Why do some states report negative production volumes?
Negative production volumes are uncommon but are a valid part of public regulatory data in some states. This article explains why negative production values occur and how WellDatabase handles these records.
Common Reasons for Negative Production
Negative production volumes are uncommon but are a valid part of public production data reported by some state regulatory agencies. They almost always represent accounting or inventory corrections, not negative physical production.
- Tank inventory reconciliations – Production may have been stored in tanks during one month and sold in another. If tank measurements reveal an earlier overstatement, a negative adjustment may be reported to correct the balance.
- Amended production reports – Operators may revise previously submitted production after discovering reporting errors or receiving updated measurements.
- Sales vs. production timing – Oil or gas sales do not always occur in the same month as production. Corrections may be necessary when reconciling production, sales, and inventory.
- Operator or ownership changes – Transfers between operators or reporting entities can require adjustments to previously reported volumes.
- Regulatory corrections – A state regulatory agency may accept amended filings that reverse or reallocate production reported in prior months.

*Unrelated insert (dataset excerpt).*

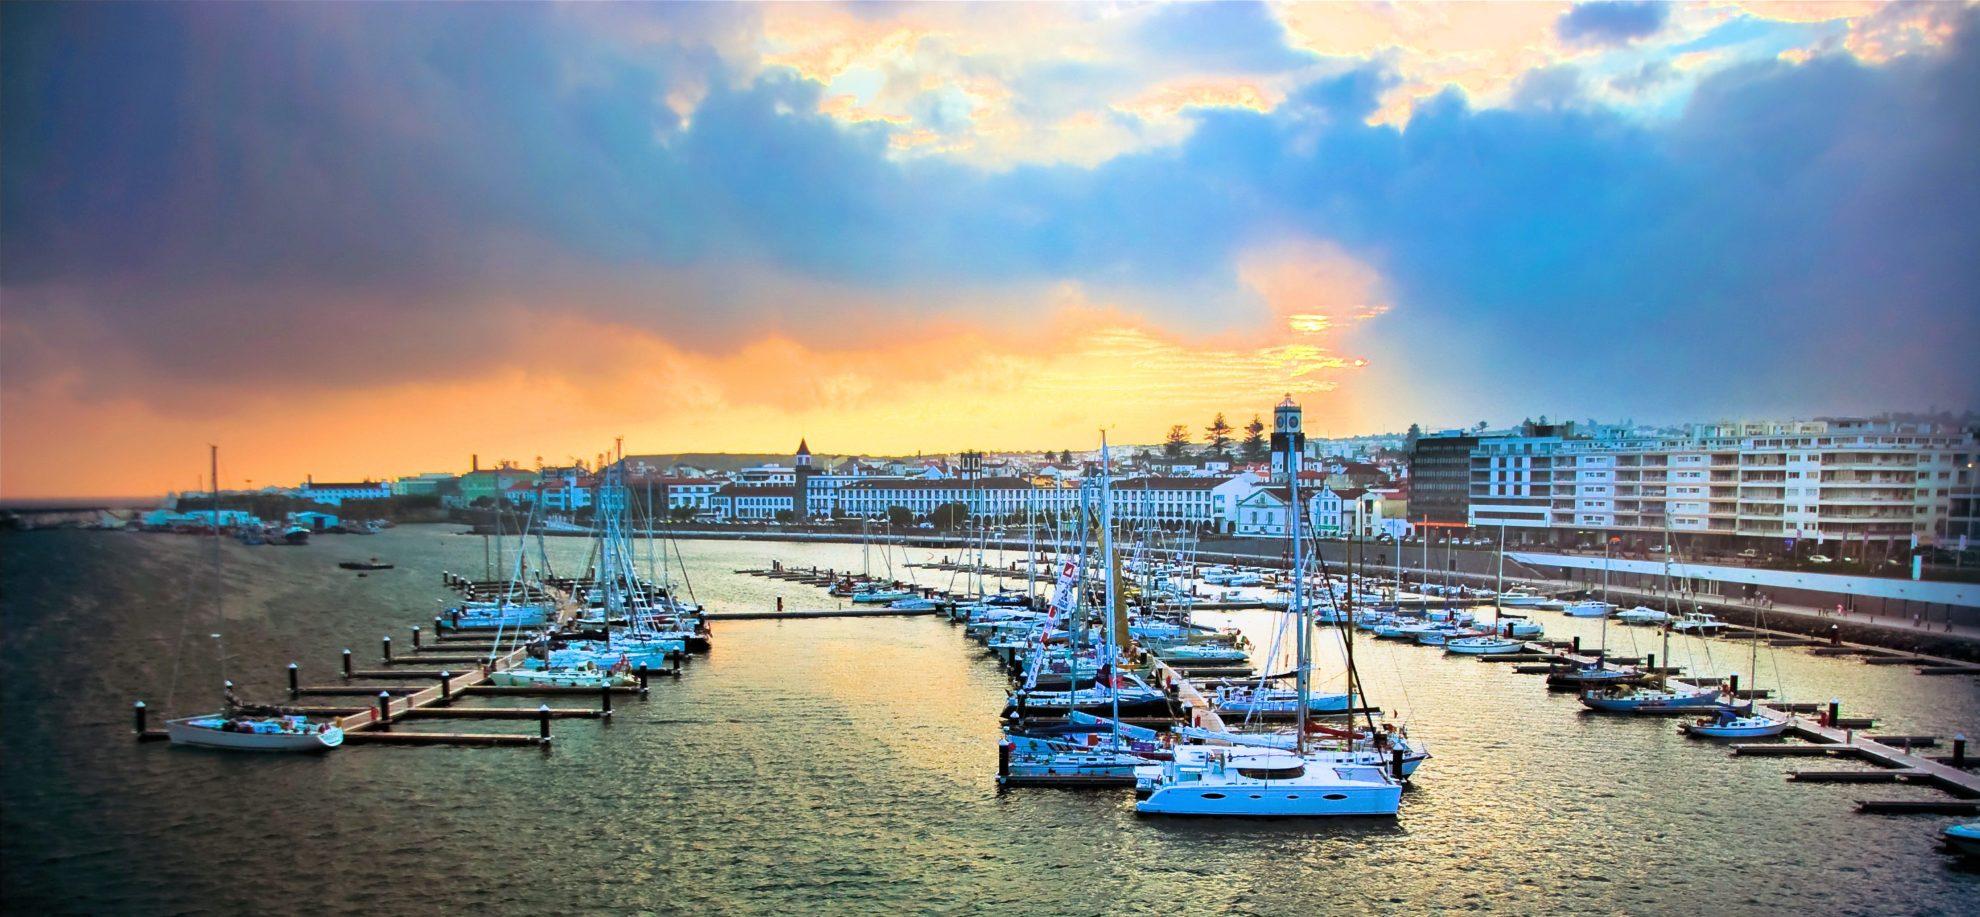 Marina de Ponta Delgada

- Data entry or measurement corrections – Meter calibration, tank gauge corrections, unit conversion errors, or duplicate reporting may result in negative values when previously reported production is adjusted.

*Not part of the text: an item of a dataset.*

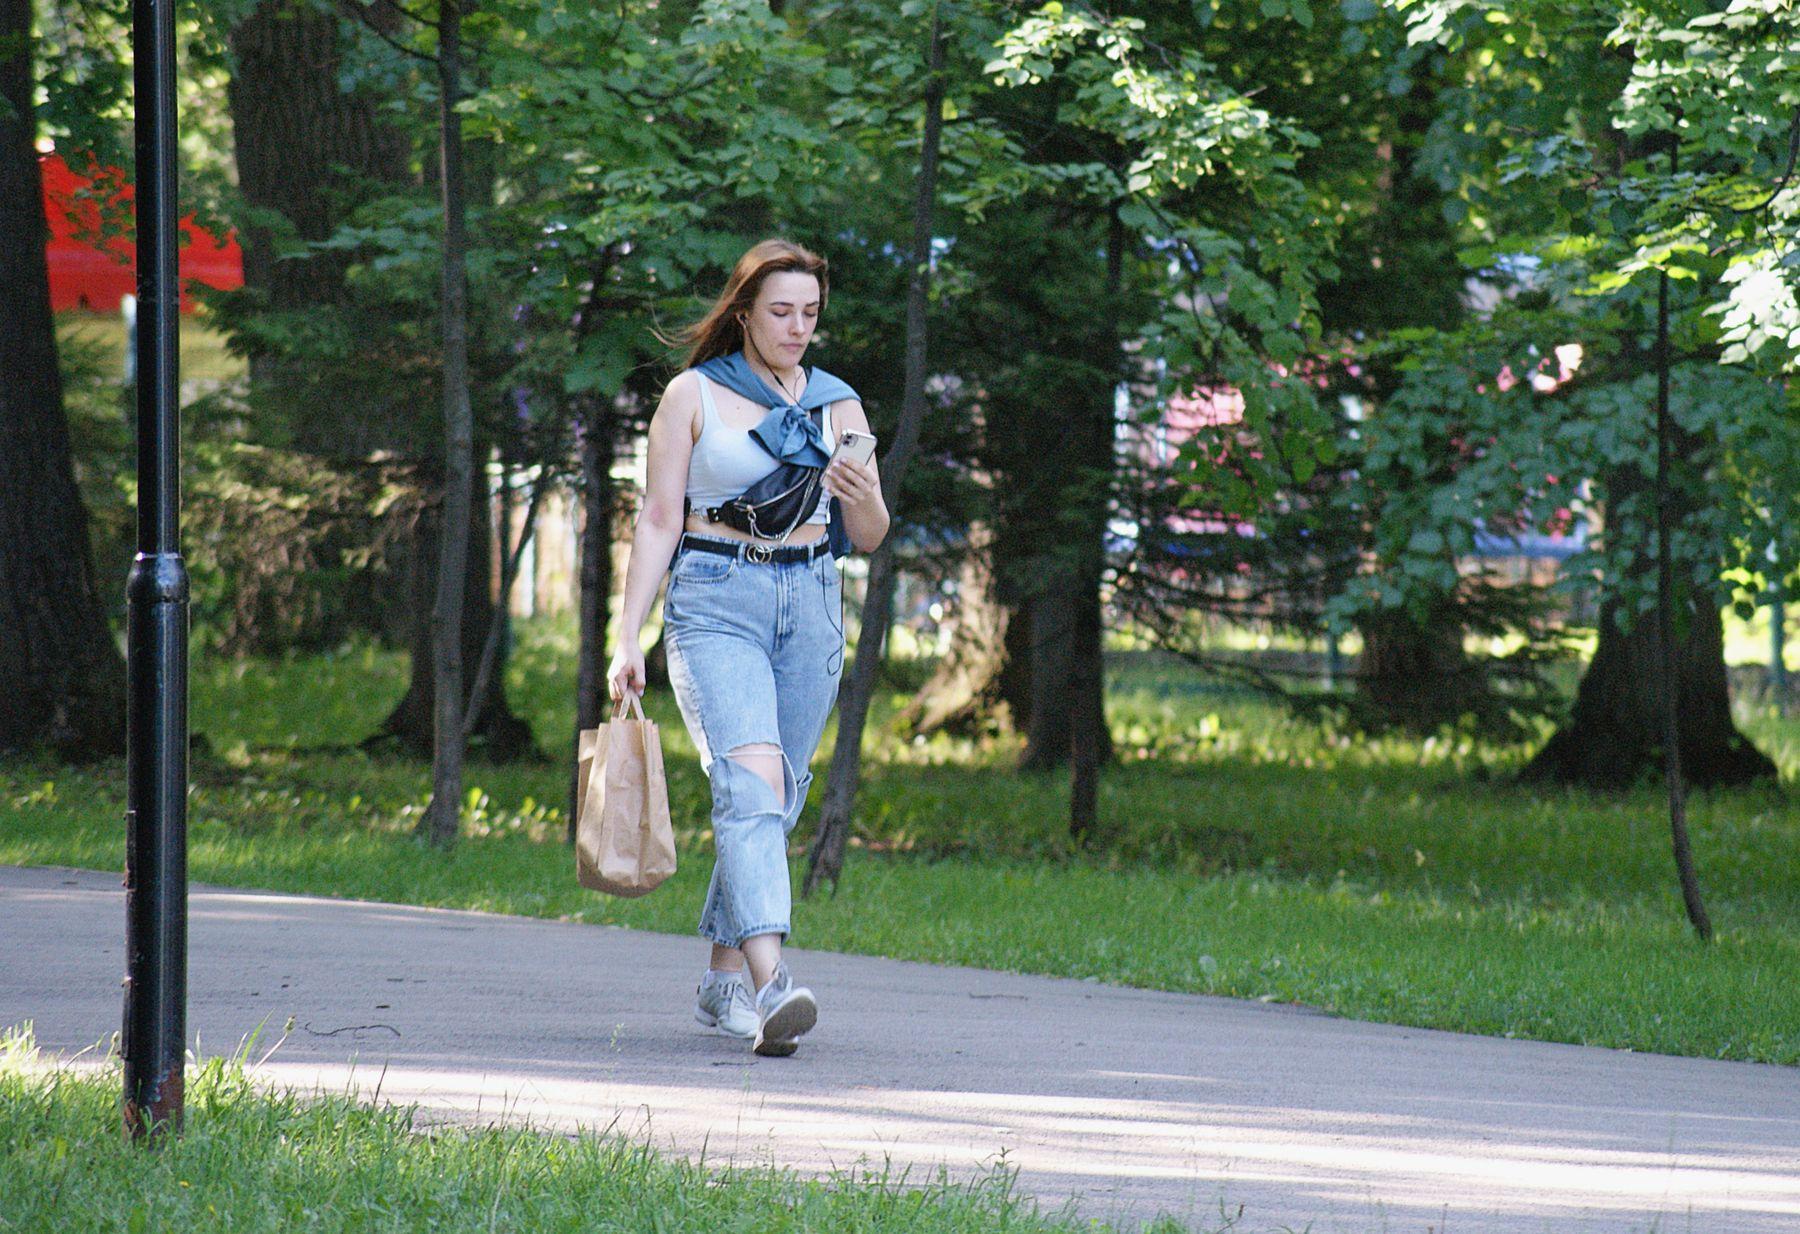 Летящей походкой.. лето июнь парк девушка

Examples from State Regulatory Agencies
WellDatabase has observed negative production values in production data published by several state regulatory agencies, including Colorado, Michigan, Montana, New Mexico, and West Virginia. The examples below illustrate two common scenarios.
Example: Colorado (ECMC)
The example below shows a Colorado (ECMC) production record where the state reported -18 barrels of oil produced for January 2004. While this may appear unusual, values like this are typically the result of inventory reconciliations, amended reports, or other accounting corrections rather than negative physical production.

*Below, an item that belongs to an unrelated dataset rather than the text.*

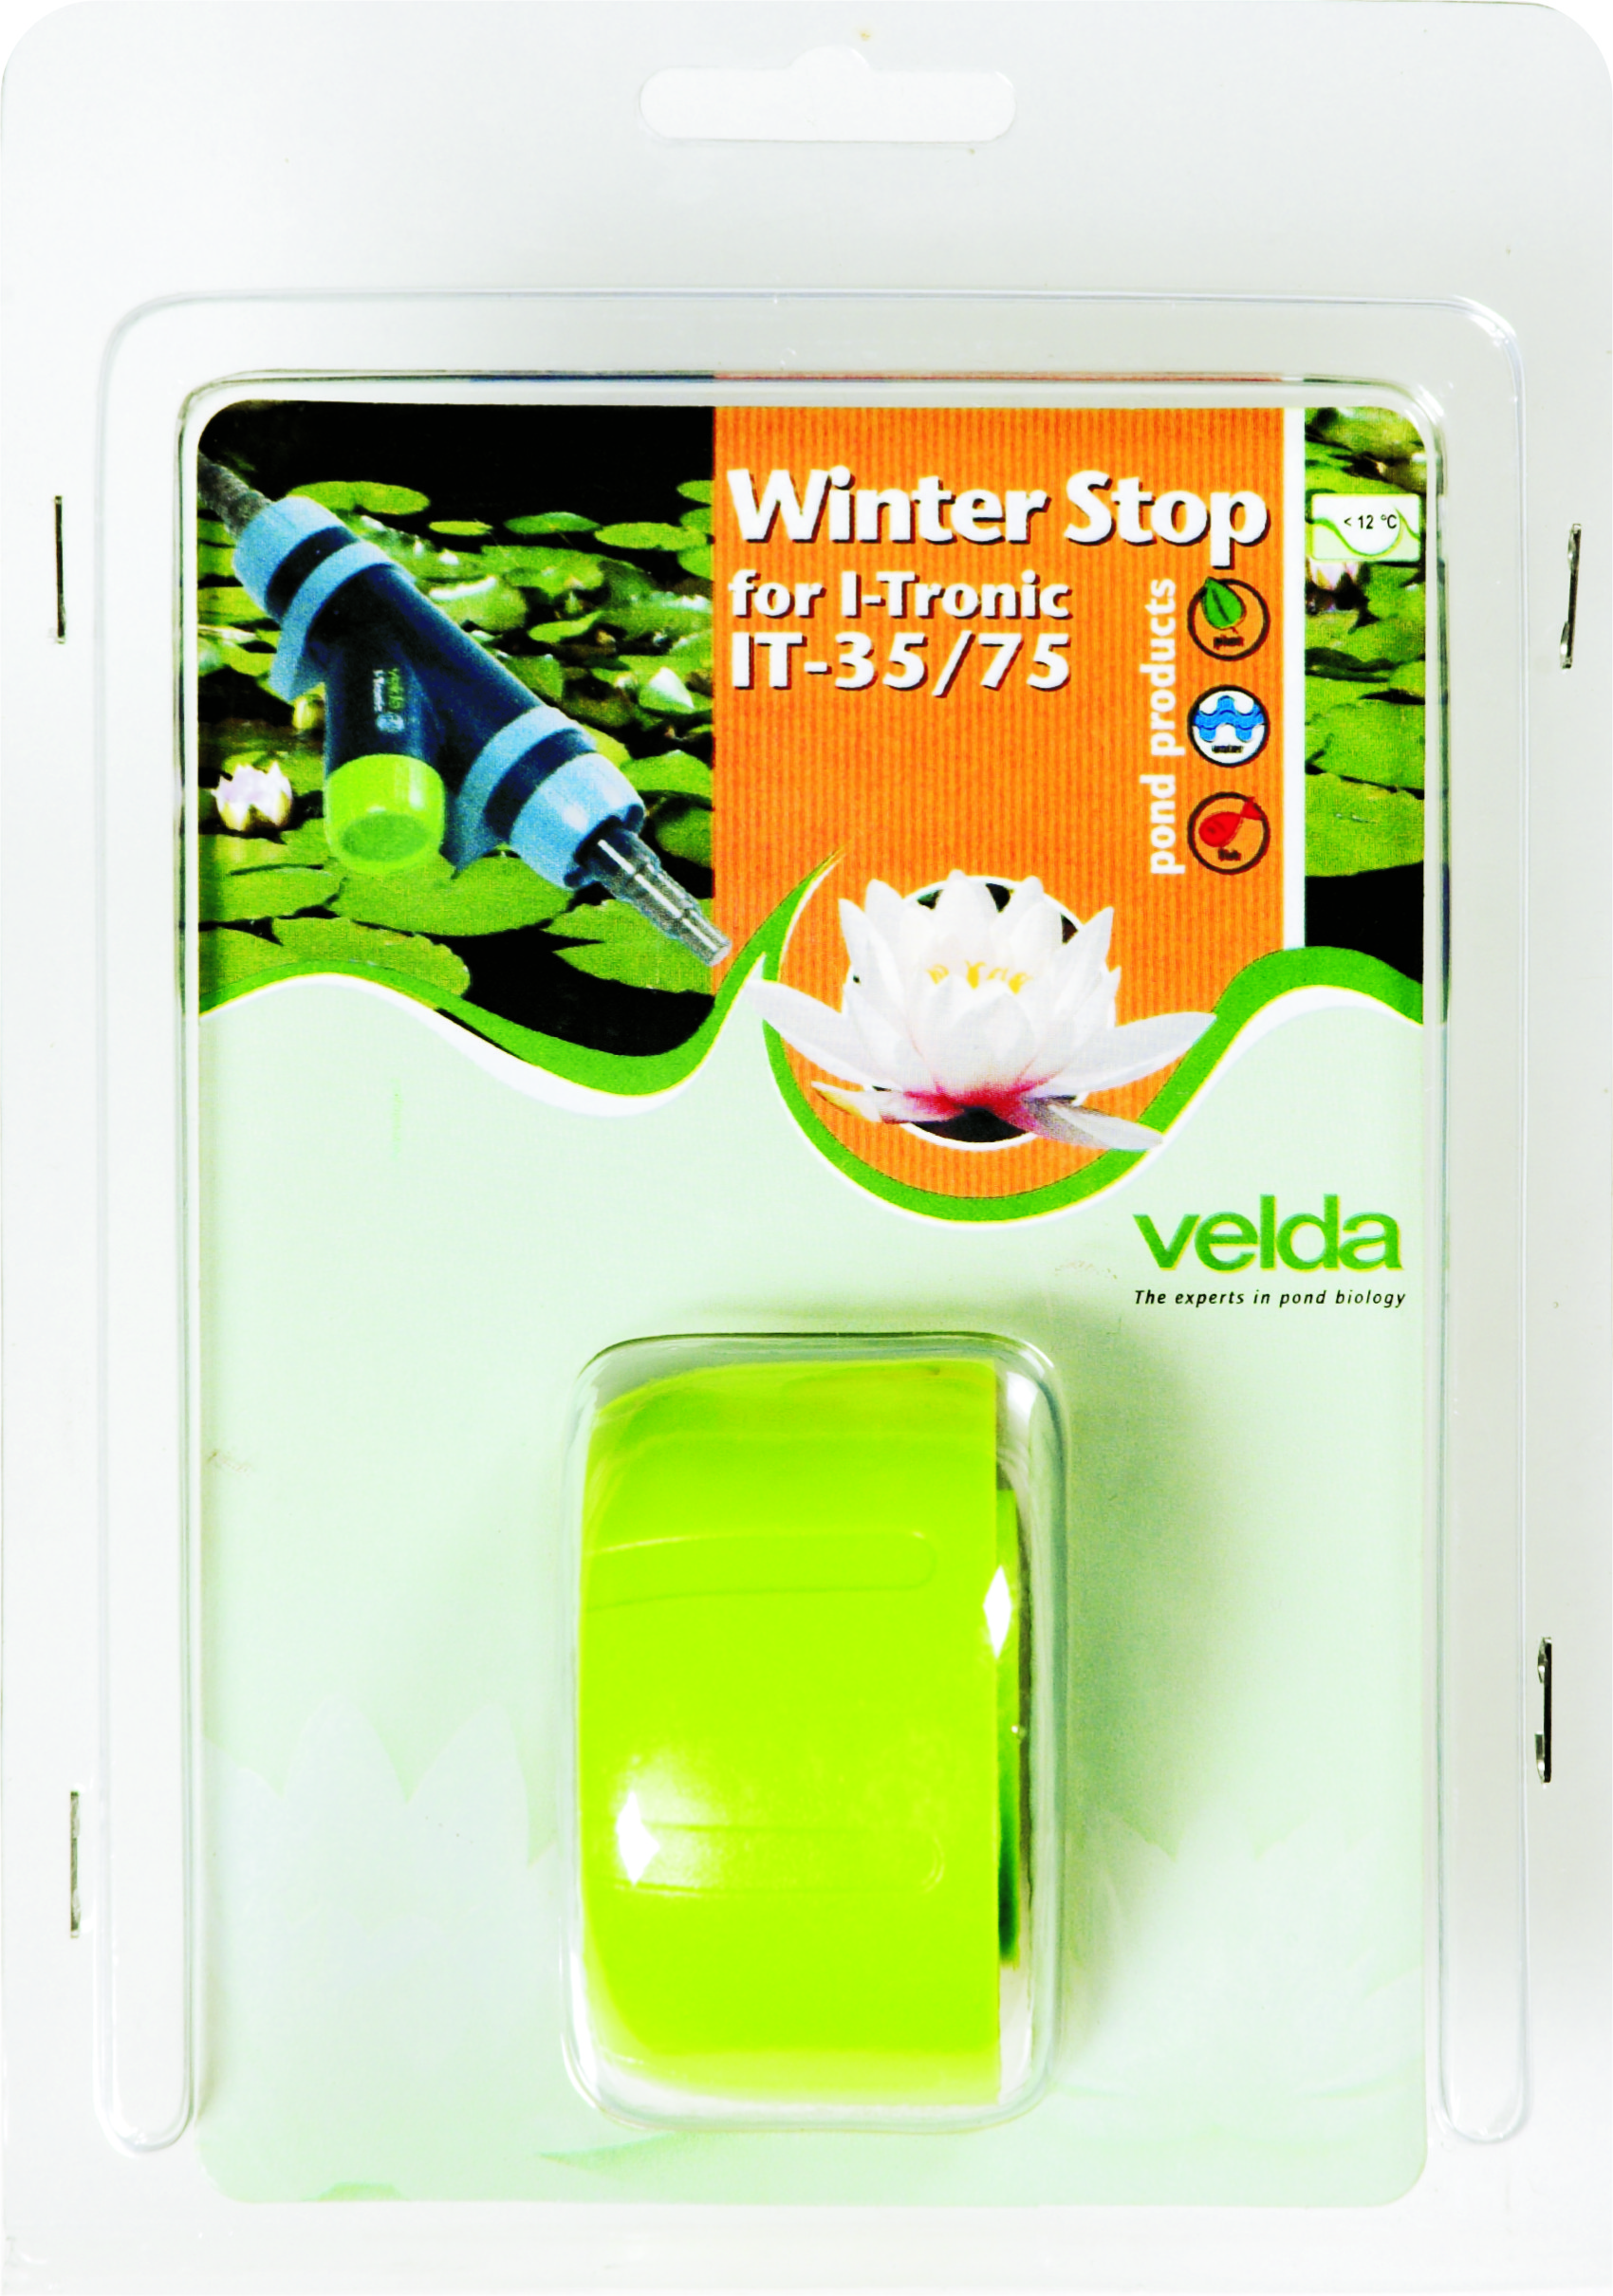 VELDA WINTERSTOP VOOR I-TRONIC IT-35 - IT-75

Example: West Virginia (WVDEP)
The example below shows a West Virginia (WVDEP) production record where the state reported -4,172 Mcf of natural gas for October 2013. Although much larger, this value represents the same type of accounting correction rather than negative physical gas production.

What Negative Production Does Not Mean
Negative values generally do not indicate that a well physically produced negative oil, gas, or water. Instead, they reflect corrections to historical accounting records intended to ensure cumulative reported production and inventories remain accurate.
How WellDatabase Handles Negative Production
WellDatabase preserves these state-reported records in its raw data and applies standardized quality controls where appropriate for analytical products.
Frequently Asked Questions
Q: Does a negative production value mean the well produced negative oil or gas?
A: No. Negative values almost always represent accounting, reporting, or inventory corrections made by the regulatory agency or operator.
Q: Does WellDatabase create these negative values?
A: No. These values originate from publicly available regulatory data. WellDatabase preserves the reported records and applies standardized quality controls where appropriate for analytical products.
Q: Why doesn't WellDatabase change negative production values to zero?
A: WellDatabase preserves production values as they are reported by the state regulatory agency. Negative production values are part of the official production record and typically represent accounting or reporting corrections. Replacing those values with zero would alter the published state data and could affect cumulative production totals and historical reporting accuracy.
Q: Should negative production values be considered errors?
A: Not necessarily. While they may result from correcting previous reporting errors, the negative values themselves are often valid regulatory adjustments intended to reconcile historical production records.